Catlin is correct that Servidone is binding as far as it applies to a particular case, and that J.J. White is required to prove that the loss was covered. Catlin is also correct that here, unlike in Luria, coverage for the underlying claim is disputed, and that this may place an additional burden on J.J. White. However, on the narrow question of whether the burden to prove coverage includes a burden to prove actual liability in the underlying action, Catlin is incorrect that Servidone dictates the answer in its favor.

Servidone did not address the issue of whether an insured must prove actual liability in the underlying suit. Indeed, the coverage dispute in Servidone did not turn on the merits of the underlying suit. Rather, in Servidone, the claimant, the United States, brought claims for common law and contractual indemnity, only the first of which would be covered under the policy. 488 N.Y.S.2d 139, 477 N.E.2d at 442. The post-settlement coverage dispute turned on which of those claims—common law or contractual indemnity—was the "actual basis" for the settlement. Id. at 424, 488 N.Y.S.2d 139, 477 N.E.2d 441. Liability was therefore not in dispute—only the basis for liability. Similarly, in K2, the dispute as to coverage turned on whether the insured was acting for a "business enterprise" when he committed the alleged wrong, a fact that could be shown independently of the insured's liability on the underlying claim. 22 N.Y.3d 578, 983 N.Y.S.2d 761, 6 N.E.3d 1117. In short, although Servidone requires the insured to show that the "basis" for its liability would be covered, it did not require the insured to prove that that it was, in fact, liable in the underlying suit.

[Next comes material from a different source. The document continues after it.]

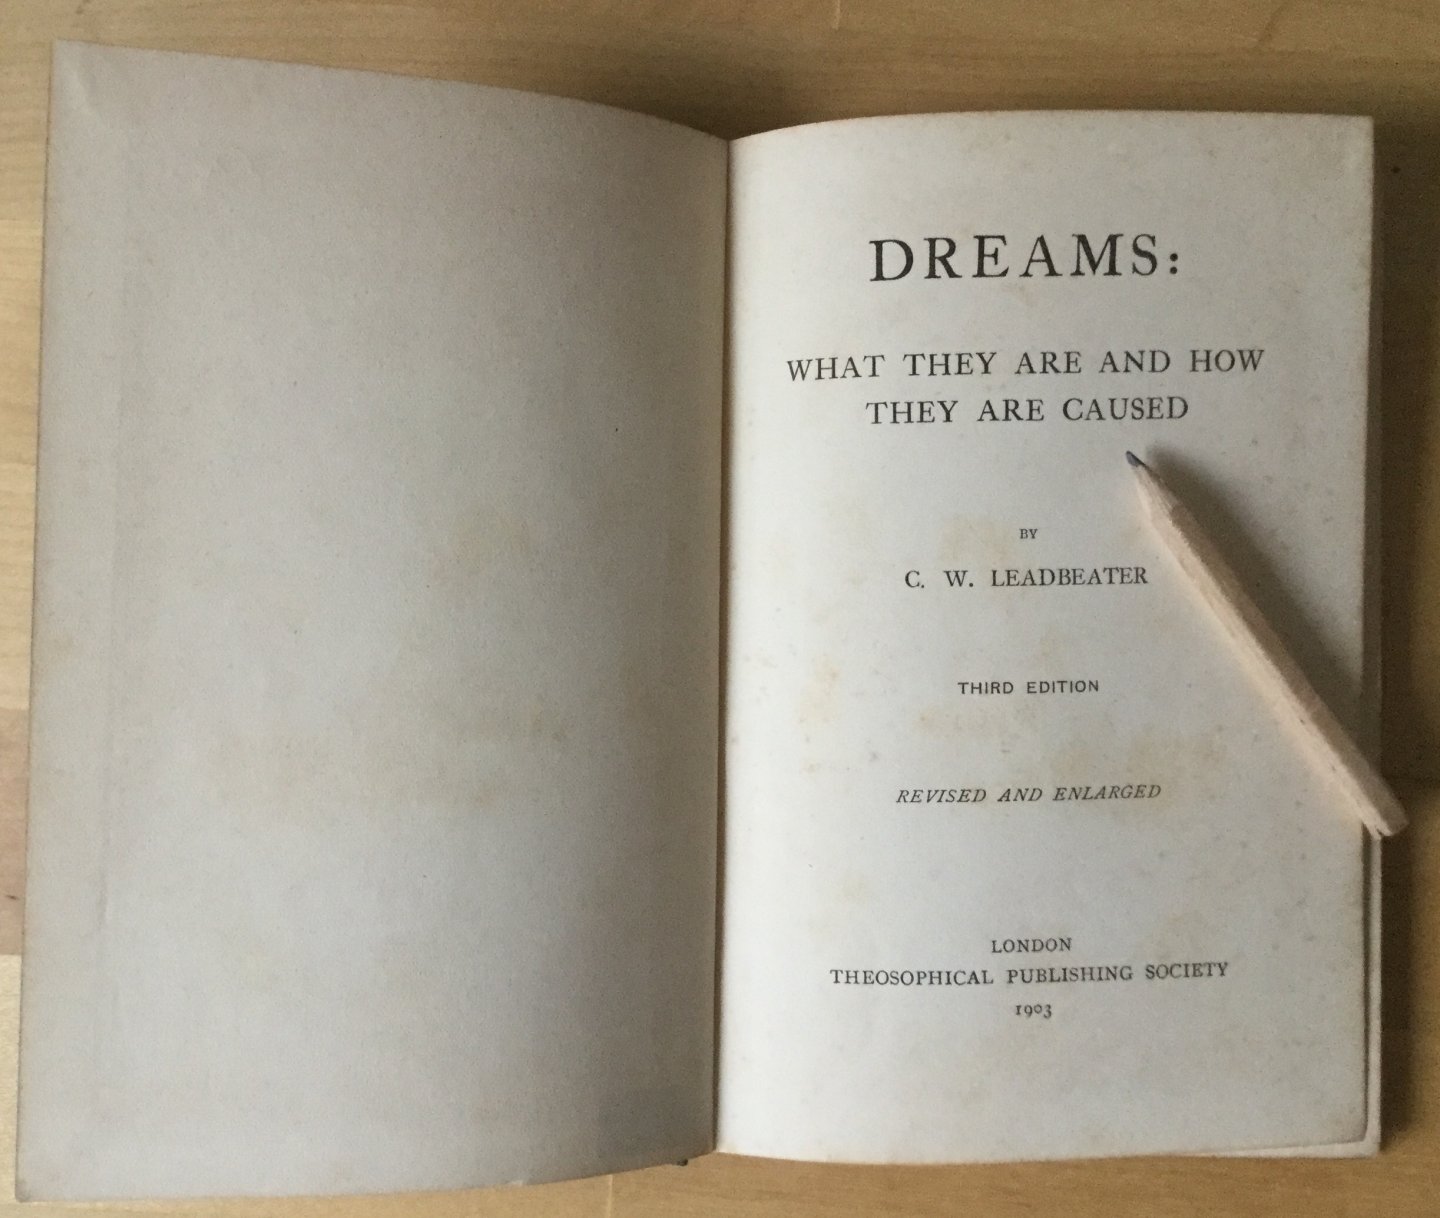 Leadbeater, C.W. - Dreams; what they are and how they are caused
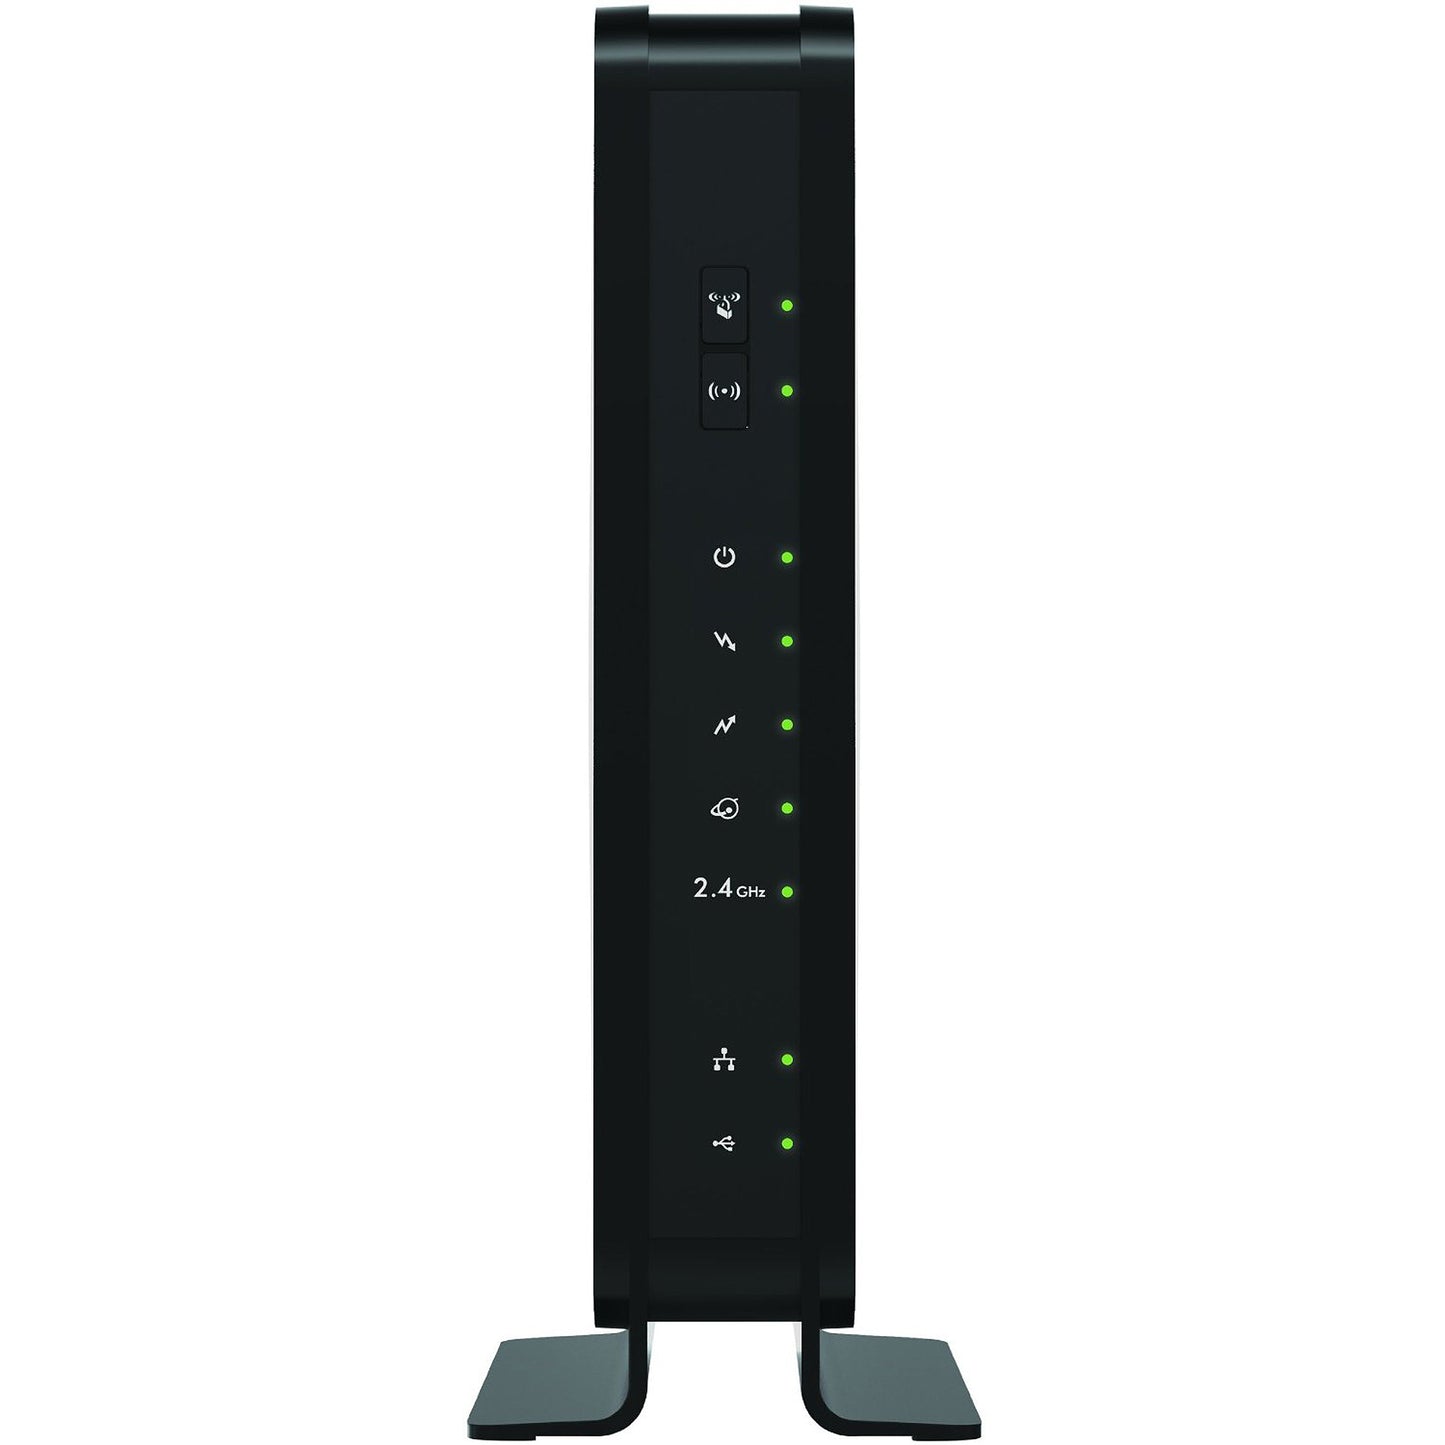 NETGEAR N300 (8x4) WiFi Cable Modem Router Combo C3000, DOCSIS 3.0 | Certified for Xfinity by Comcast, Spectrum, COX & more (C3000)

Moreover, Servidone reaffirmed that "an insurer cannot by virtue of its own breach [of the duty to defend] escape liability for the reasonable settlement of a covered risk." 488 N.Y.S.2d 139, 477 N.E.2d at 444. By requiring only that the settlement be "reasonable," Servidone suggests that actual liability is not required, only a sufficient likelihood of liability to justify the settlement.

And finally, every court to have considered Luria and Servidone together has concluded that Luria "is not inconsistent with Servidone." Md. Cas. Co., 1996 WL 109068, at *7 ; Uniroyal, 707 F. Supp. at 1379 (" Servidone...required only that the claim settled by the insured be a ‘covered loss’ under the policy, and not that the insured independently prove the truth of the underlying claim."); Morgan Stanley Grp., Inc. v. New England Ins. Co., 36 F. Supp. 2d 605, 608 (S.D.N.Y. 1999) (" Servidone and Luria can, and should, be read together to establish the standard of proof for a settling insured."), vacated in part on other grounds, 225 F.3d 270 (2d Cir. 2000).

Accordingly, in order to obtain indemnification, I conclude that J.J. White is not required to prove that it was actually liable to Gans' estate in the underlying litigation. That is, J.J. White need not prove that exposure to BTEX actually caused Gans' leukemia. Because the portion of one sentence of my Previous Opinion cited by J.J. White suggested otherwise, I will grant J.J. White's Motion for Clarification or Reconsideration, and strike that portion of that sentence.

B. Question 2: Because J.J. White Need Not Prove Actual Liability in the Underlying Lawsuit, What Must It Prove to Establish Policy Coverage?

As explained above, J.J. White is not required to prove that chemical exposures caused Gans' death, or actual liability to Gans' estate in the underlying suit. But that still leaves unanswered the question of what J.J. White does have to prove to establish coverage for the settlement with Gans' estate.

Luria, and the cases discussed above that follow it, require only that the settlement be "reasonable in view of the size of possible recovery and degree of probability of claimant's success against the insured." 780 F.2d at 1091. But as J.J. White concedes, that cannot be the only fact that it must prove here, because this case differs from Luria in one important way: In Luria, any finding of liability in the underlying suit would have been covered. See, e.g., id. at 1090–91. The only ground on which the insurer in Luria challenged coverage was that the insured was not actually liable in the underlying case.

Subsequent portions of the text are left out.